Confederation of Zimbabwe Industries (CZI) president Mr Henry Ruzvidzo said Government needs to broaden measures to protect jobs since manufacturing companies had been operating without reserves, thus had no capacity to settle wages beyond one month under the lockdown.
“A robust stimulus package will be necessary. Use of loan guarantees and adjustments to rules on non-performing loans can be considered. Offsetting the 2 percent tax against wage payments and widening tax bands can also be considered,” he said.
Zimbabwe Congress of Trade Union (ZCTU) president Mr Peter Mutasa urged labour, Government and business to craft ways of mitigating challenges posed by Covid-19.
In response to the ravaging effects of the coronavirus, the National Employment Council for the Agricultural Industry in Zimbabwe has introduced slashed contributions from members for three months.
NEC Agriculture chief executive officer Mr David Madyausiku said the council was aware of the trade and financial challenges that came with the national lockdown.
The council then resolved to cut monthly dues for April, May and June 2020 from 5 percent to 3 percent in light of the lockdown due to the pandemic in order to free up resources for workers.
Said Mr Madyausiku: “To provide some relief to employers and employees of the agricultural industry, the council of NEC Agriculture has resolved that council dues for the months of April, May and June 2020 shall be equal to a total of 3 percent of all employees’ monthly basic wages.
“Hence, for dues of April, May and June 2020 each employee shall pay dues equal to 1,5 percent of his/her monthly basic wage, and the balance of 1,5 percent shall be payable by the employer. Dues for the month of July 2020 and thereafter, shall revert to the regular rate of 2,5 percent, aside, of employees’ monthly basic wages.”

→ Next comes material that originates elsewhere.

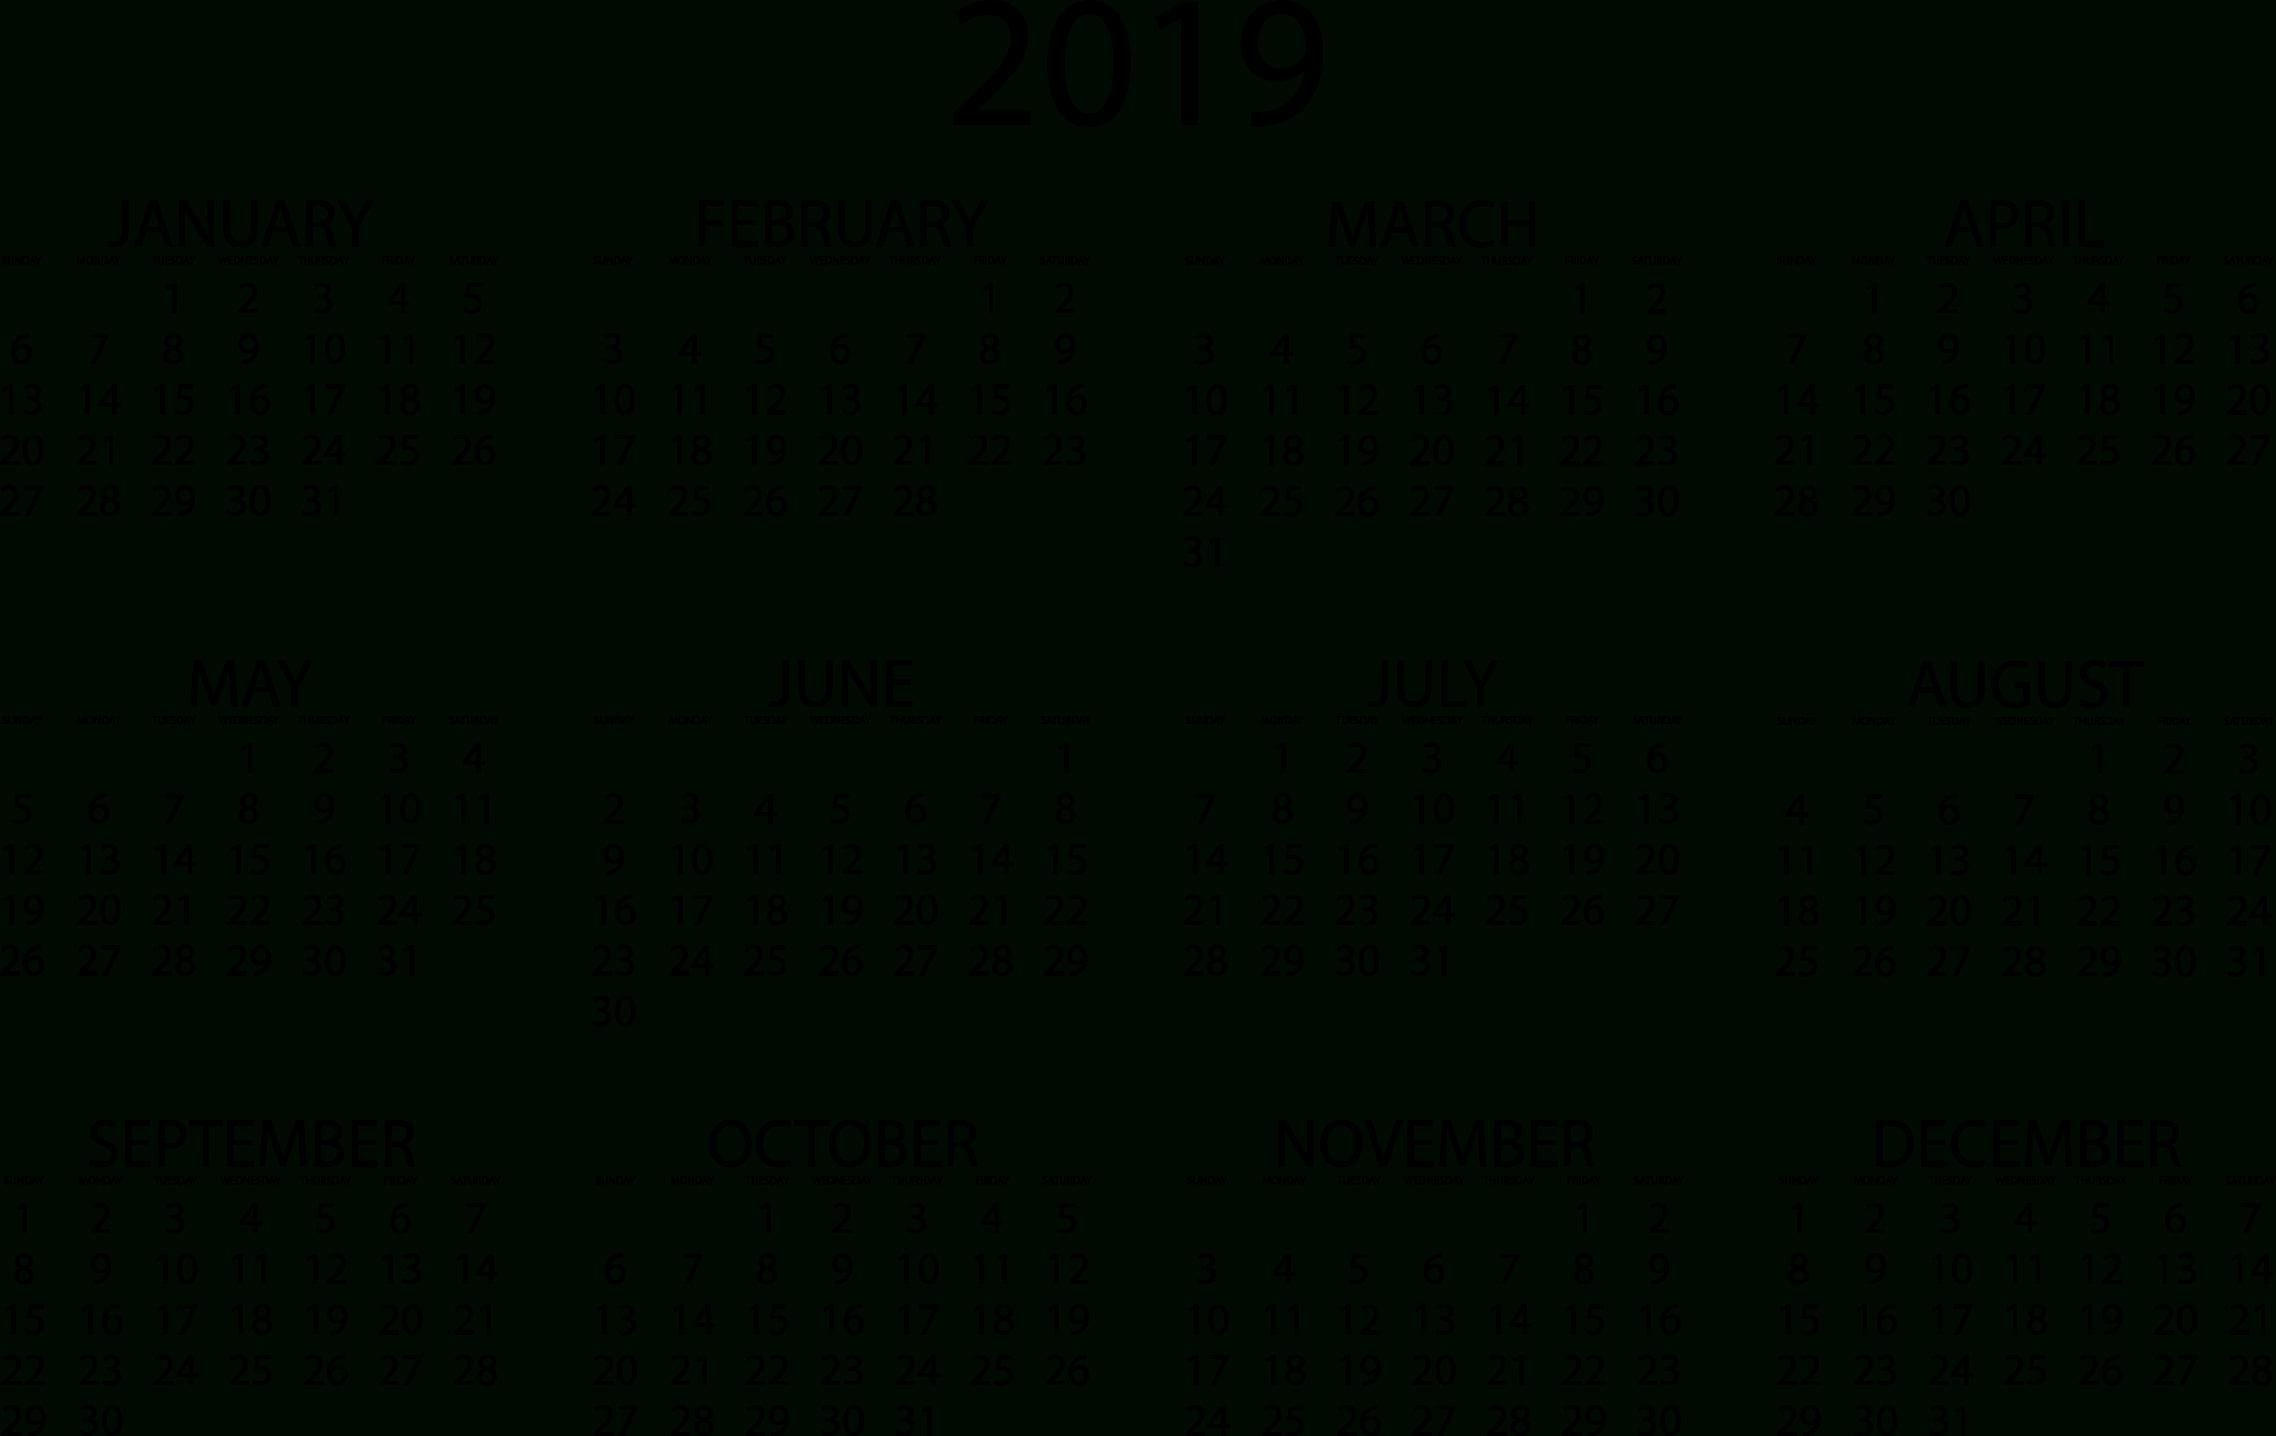 2019 Calendars – Download Printable Pdf Calendar Templates Calendar 2019 Printable

He said the NEC Agriculture will continue operating to service the agricultural industry through digital platforms during the lockdown.
“The temporary partial exemption from monthly dues is part of NEC Agriculture’s continuing efforts to provide support to the agricultural industry. We trust that the agricultural industry shall continue to thrive in spite of the coronavirus pandemic.”
Businessman and PACT Capital and Advisory Services chief executive Mr Nickson Mlambo said Covid-19 had changed how businesses will operate going forward.
He said some companies will craft new remuneration models to pay employees for work done and use of performance-monitoring mechanisms to track performance and targets.
“Companies will use more technology like video calling, Zoom and Skype for meetings as more people will work from home instead of spending money on high rentals. Old business models need to be reviewed going forward,” said Mr Mlambo.
According to the International Labour Organisation (ILO), 25 million people around the world are likely to lose their jobs.
Lockdown measures are currently affecting 2,7 billion workers globally in food and accommodation, retail, business services, administration and manufacturing sectors.
Covid-19 has infected 13 people and killed three in Zimbabwe, while global infections are now over 1,5 million.
According to the US-based Johns Hopkins University, more than 102 000 people had succumbed to the disease by yesterday.